DAVID M. LAWSON, United States District Judge

The question presented by defendant Brandon Larson’s motion for summary judgment now before the Court is whether the plaintiff has presented any evidence that Brandon committed or aided his parents, Karen and Keith Larson (owners and operators of Larson’s Insurance Solutions, Inc.) in perpetrating the fraudulent scheme described in the amended complaint, The scheme consisted of presenting phony insurance premium finance applications to the plaintiff, not applying those loan proceeds to pay for the insurance policies, and pocketing the money instead. The plaintiff .seeks to tie Brandon into the scheme on two theories. First, it argues that Keith Larson appointed Brandon as a “Designated Licensed Responsible Producer” of the Larson insurance agency, and therefore Brandon is responsible for the agency’s conduct as a matter of law. Second, it points to certain premium finance agreements that Brandon signed, and to other activity that supposedly was intended to further the fraudulent scheme, as evidence of Brandon’s actual participation. However, except in two instances, neither the law nor the evidence supports the plaintiffs claims against Brandon Larson, and therefore the Court will grant in part his motion for summary judgment. The plaintiff also seeks leave to amend its complaint a second time to add allegations that Brandon supervised the fraudulent activity *862at the agency. But the amendment comes too late, and it would be futile, because the evidence does not support the conclusory allegations proposed by the amendment. The motion to amend, therefore, will be denied,

I.

A.

Larson’s Insurance Solutions, Inc., known by the acronym LISA, was formed by Keith Larson in 2005. Keith Larson was the president, secretary, treasurer, and director, but according to Brandon Larson, Karen Larson was really the person in charge of LISA. The Larsons formed the company to sell insurance products.
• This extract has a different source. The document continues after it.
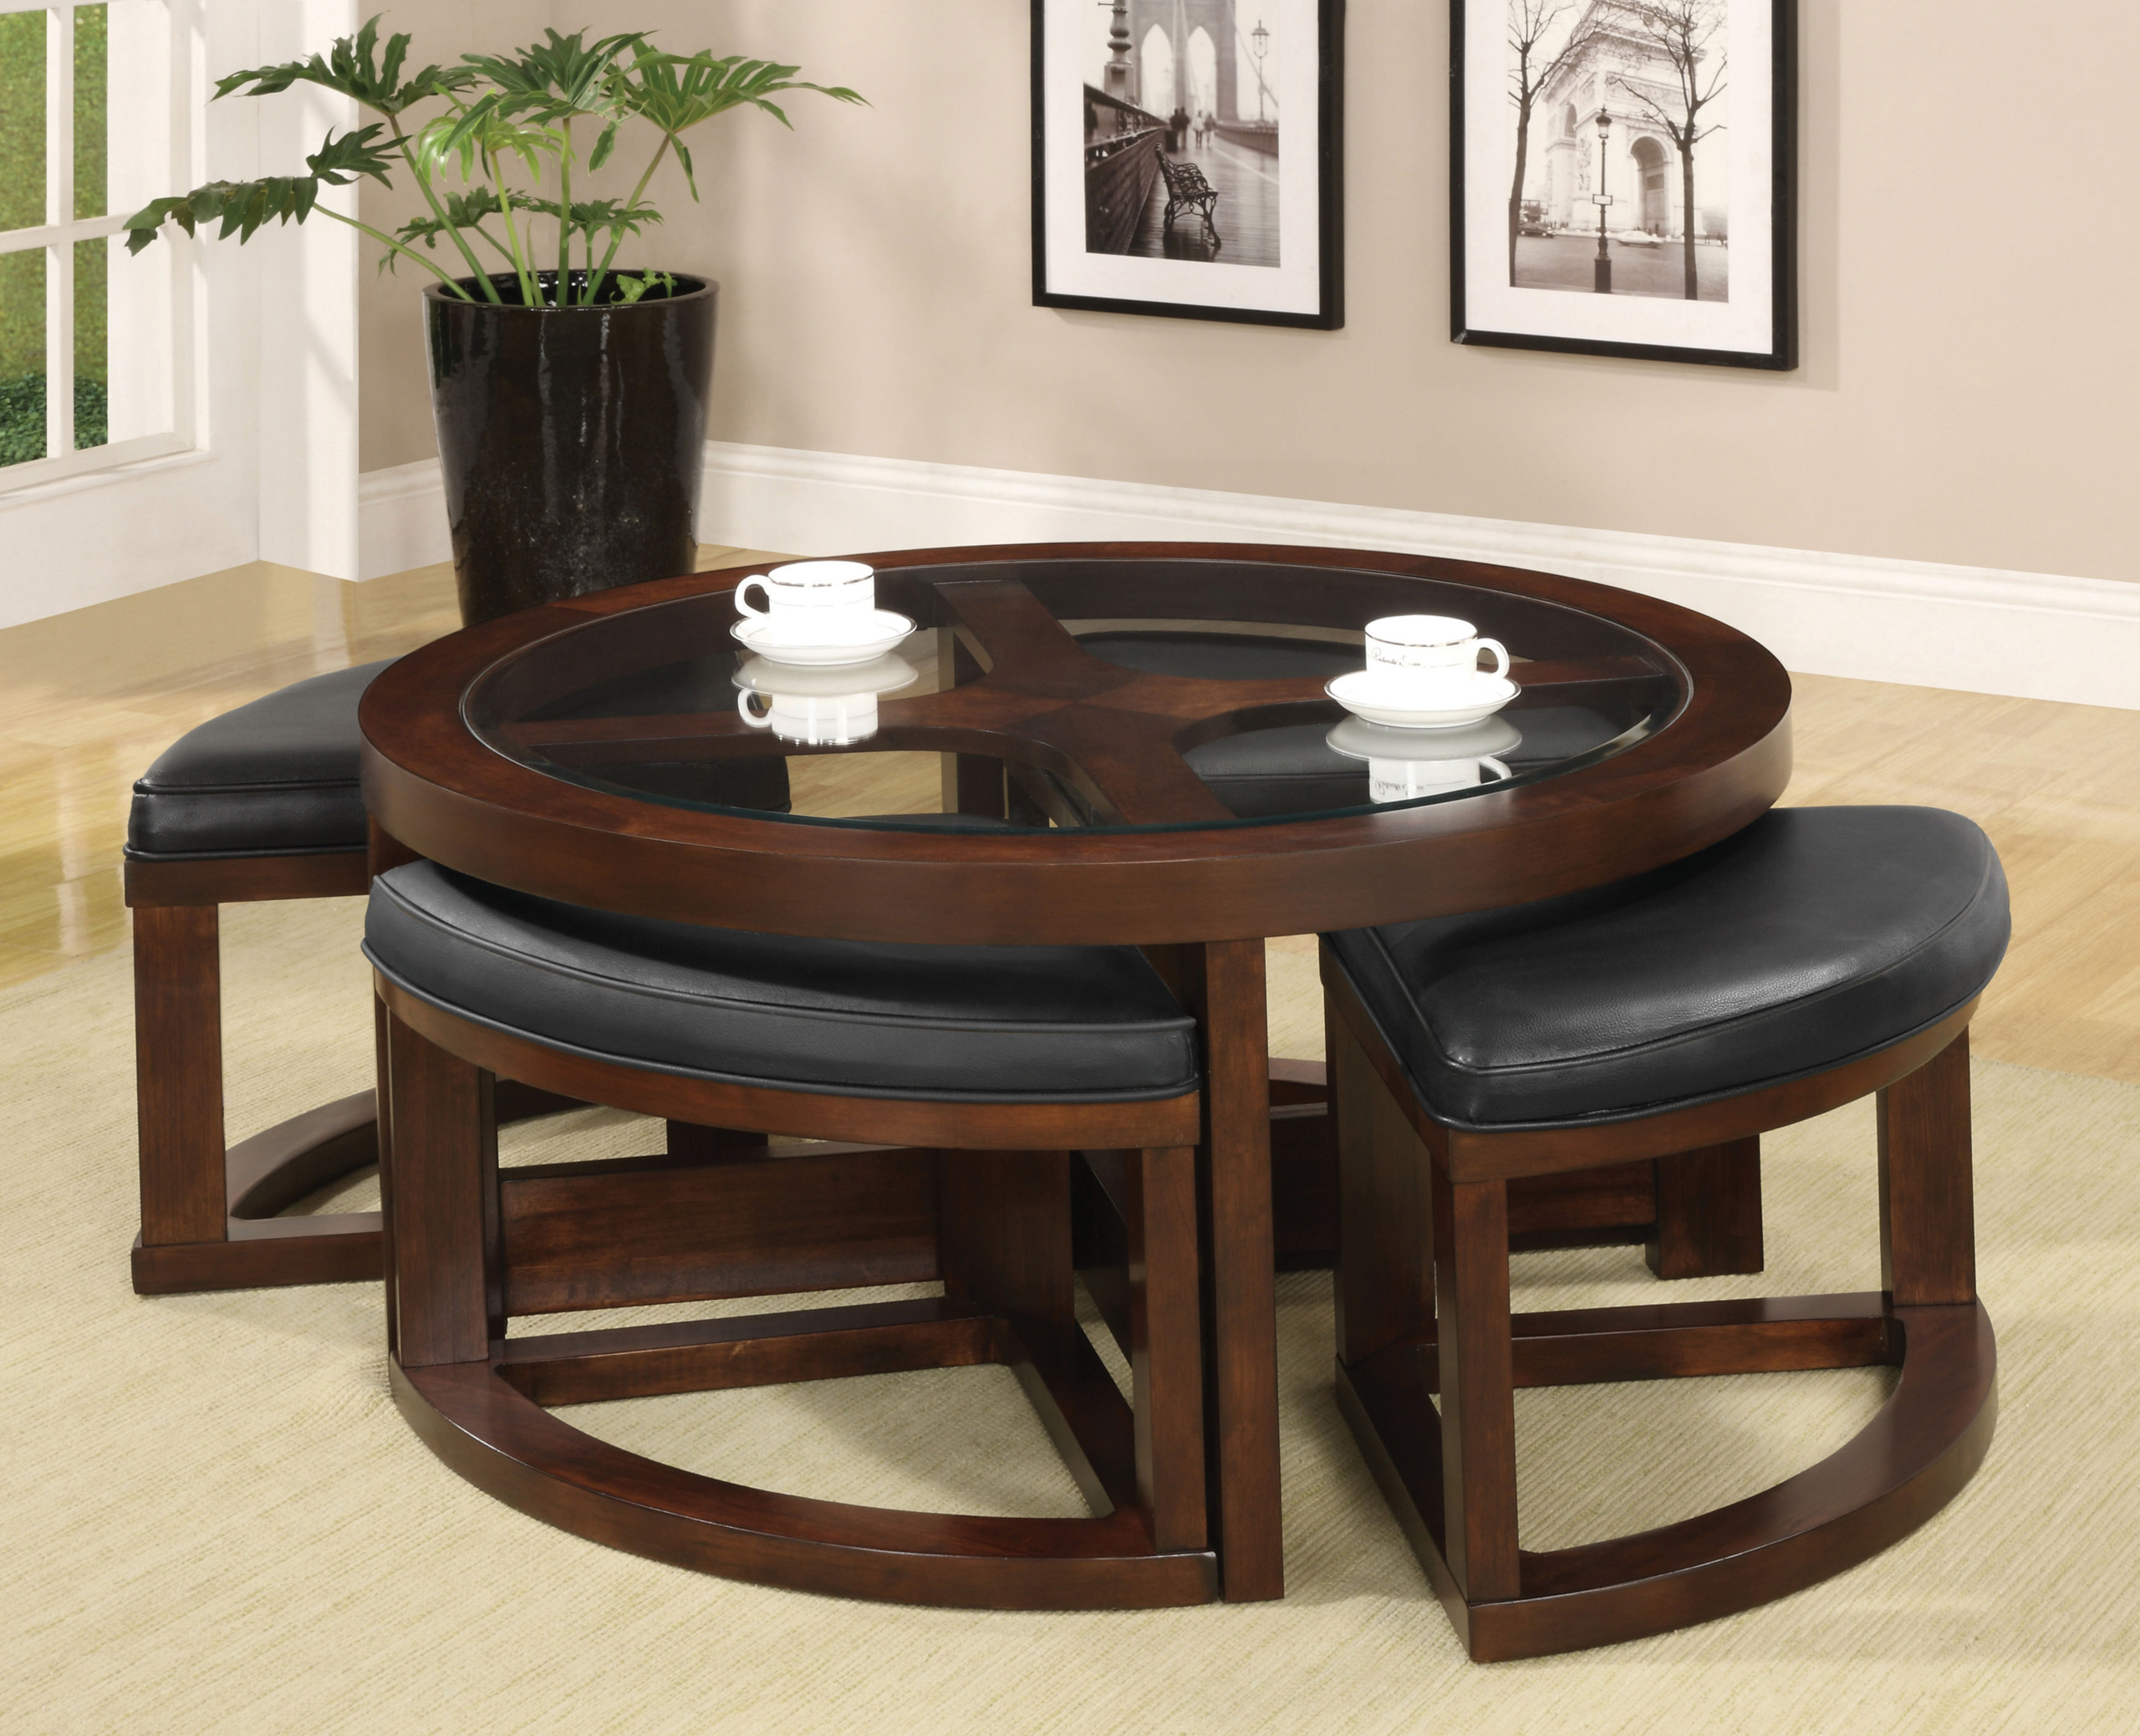 Coffee table with nesting ottomans 7
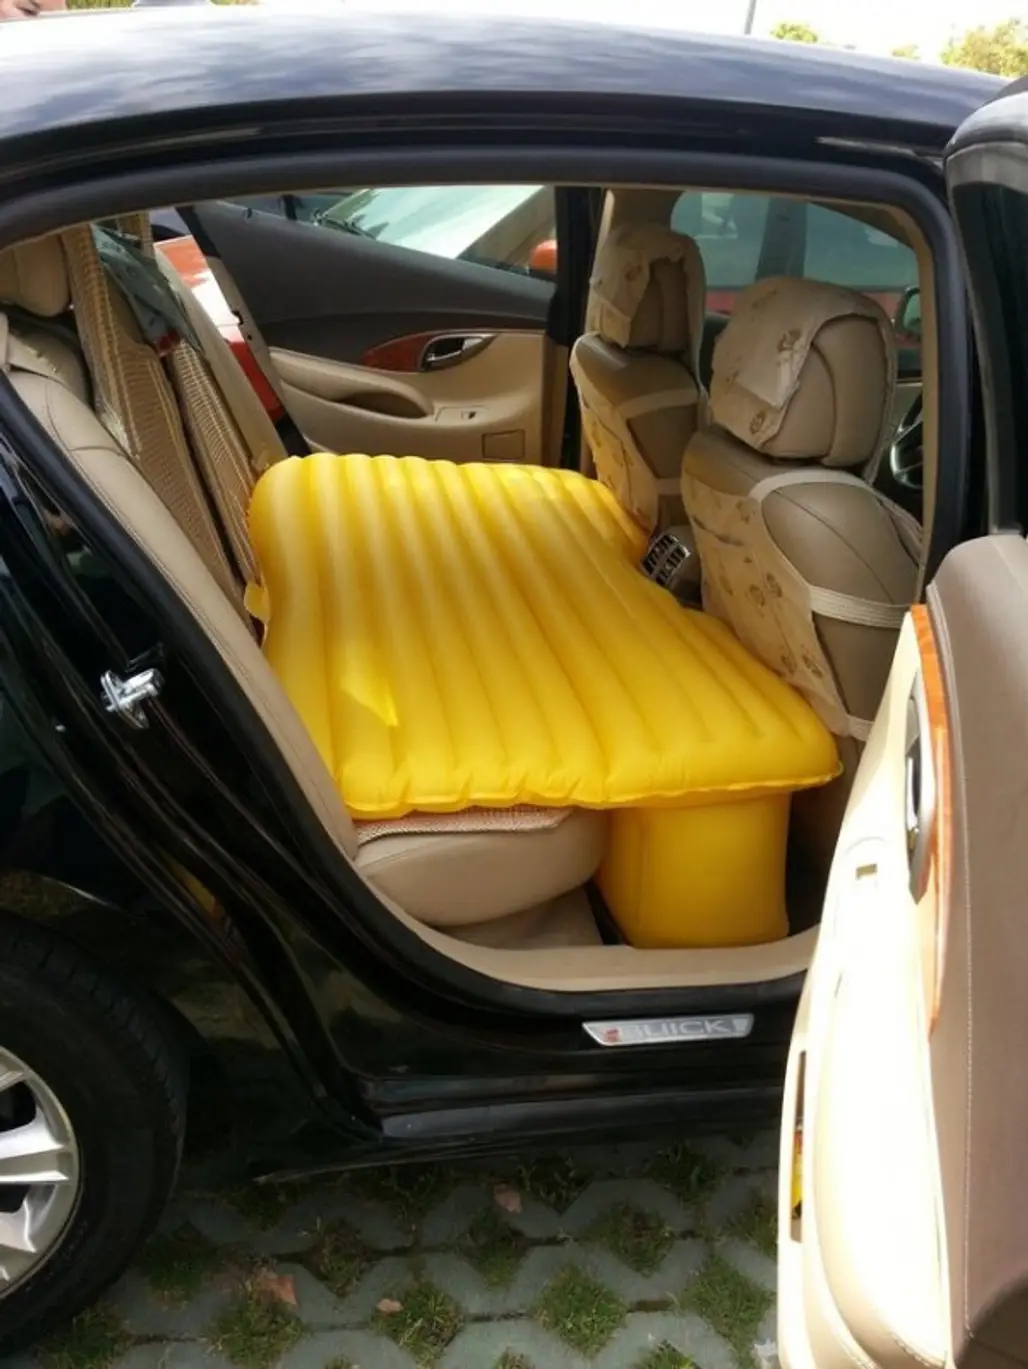 Use an Air Bed to Convert the Back Seat for Sleeping

Michigan insurance law requires any business acting as an insurance producer to designate at least one “individual licensed producer responsible for the business entity’s compliance with this state’s insurance laws, rules, and regulations.” Mich. Comp. Laws § 500.1205(2)(b). That designation usually is made on the application form, FIS-0202, which lists the “Designated/Responsible Licensed Producer,” or DRLP. More than one person may be listed. Keith Larson submitted an FIS-0202 form on April 25, 2005, listing five individuals as DRLPs, including himself, Karen, and Brandon. Brandon Larson argues that the form lists him only as a “producer,” which is a term broadly defined under Michigan law to include any person or entity that assists in procuring an insurance policy. Mich. Comp. Laws § 500.1451. But Keith Larson’s FIS-0202 plainly listed Brandon as a DRLP. Michigan’s Department of Insurance and Financial Services (DIFS) apparently took that information and incorporated it into its data base, which identifies Brandon Larson as one of LISA’s DRLPs.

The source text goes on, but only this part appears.